Task item ▸ An exact reproduction of the listing is wanted, with the pictures dropped.

Data block ▸
- - - - - - -
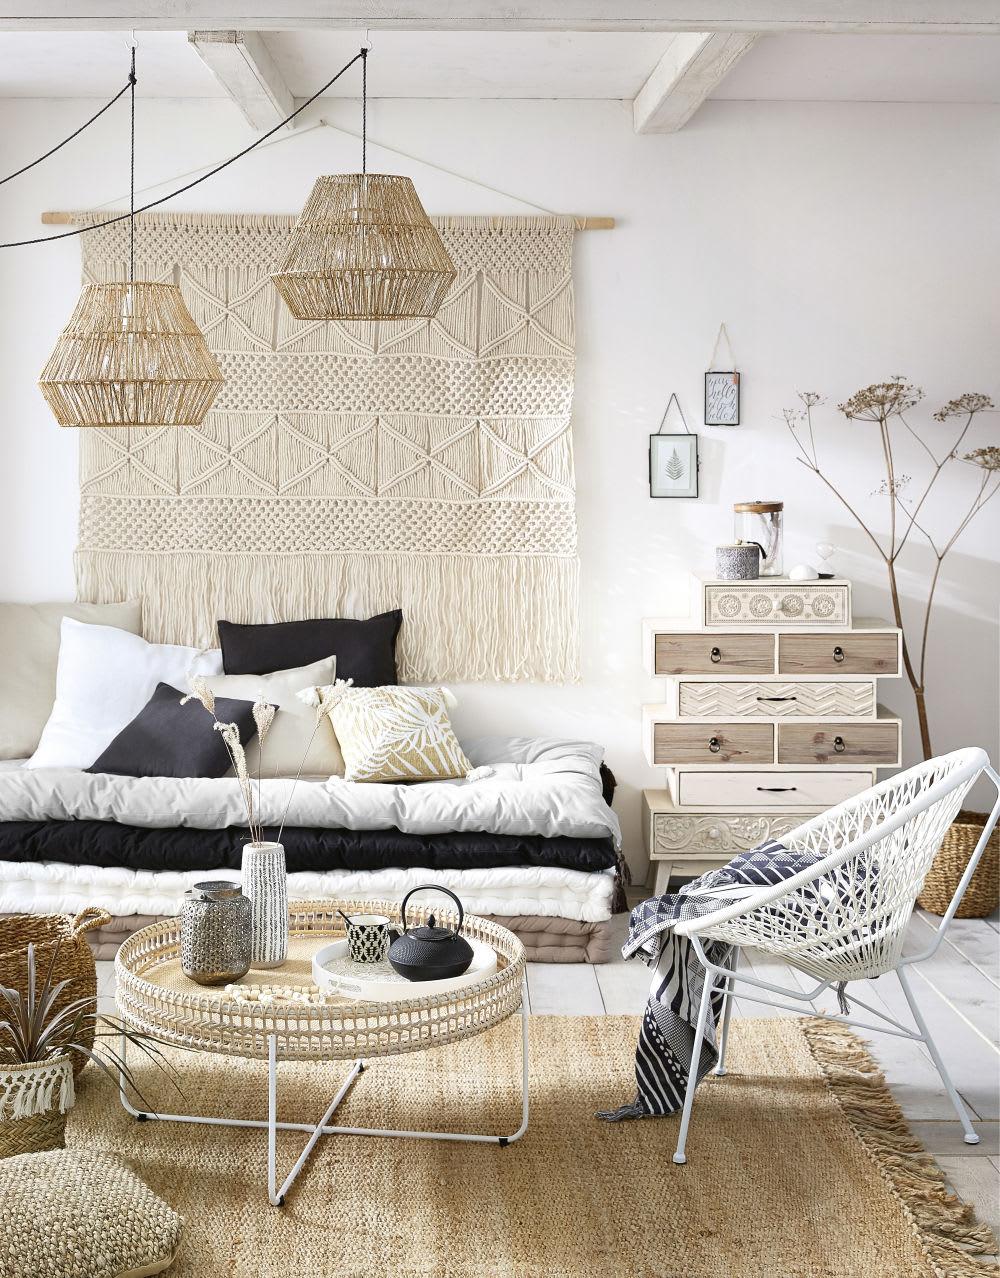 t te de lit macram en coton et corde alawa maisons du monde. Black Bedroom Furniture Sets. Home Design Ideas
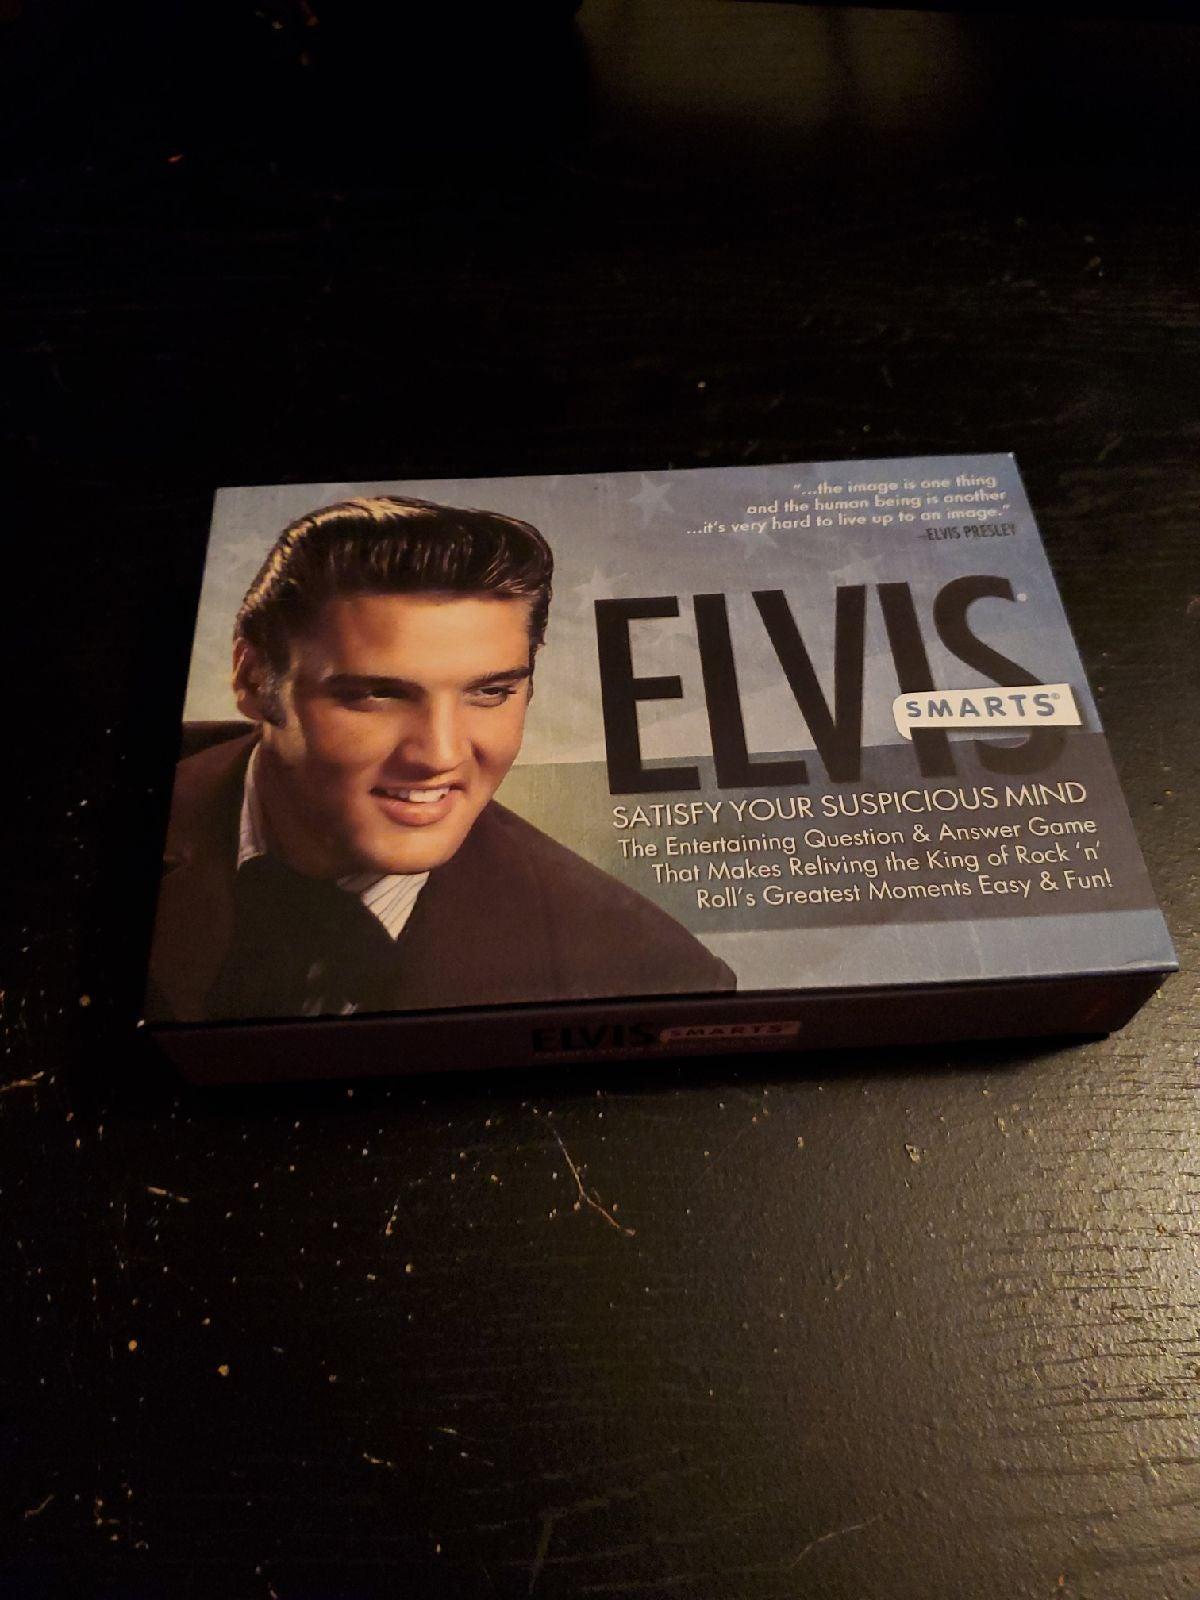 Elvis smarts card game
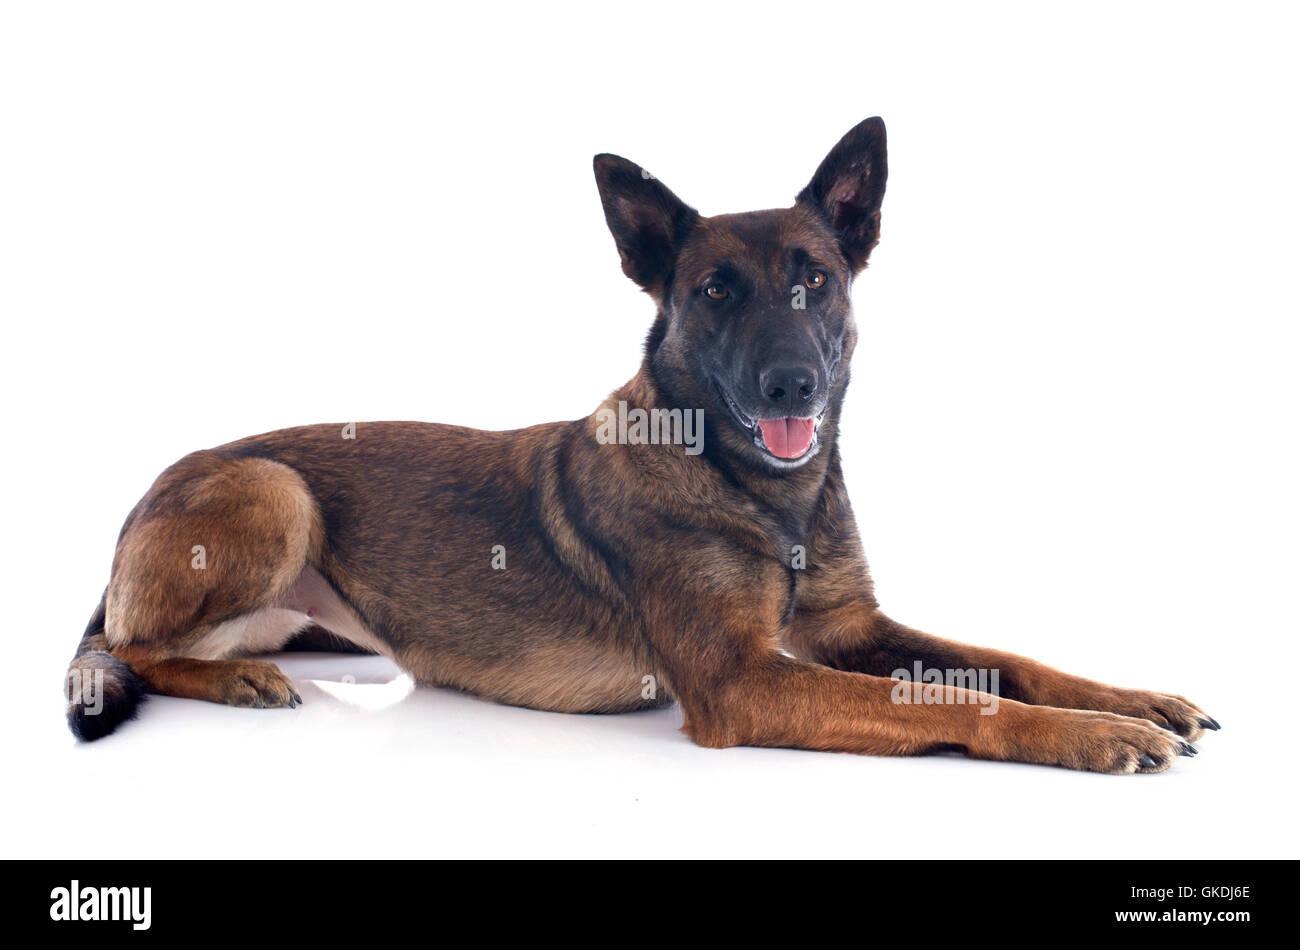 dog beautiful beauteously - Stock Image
- - - - - - -
Reply to the task ▸
 t te de lit macram en coton et corde alawa maisons du monde. Black Bedroom Furniture Sets. Home Design Ideas
 Elvis smarts card game
 dog beautiful beauteously - Stock Image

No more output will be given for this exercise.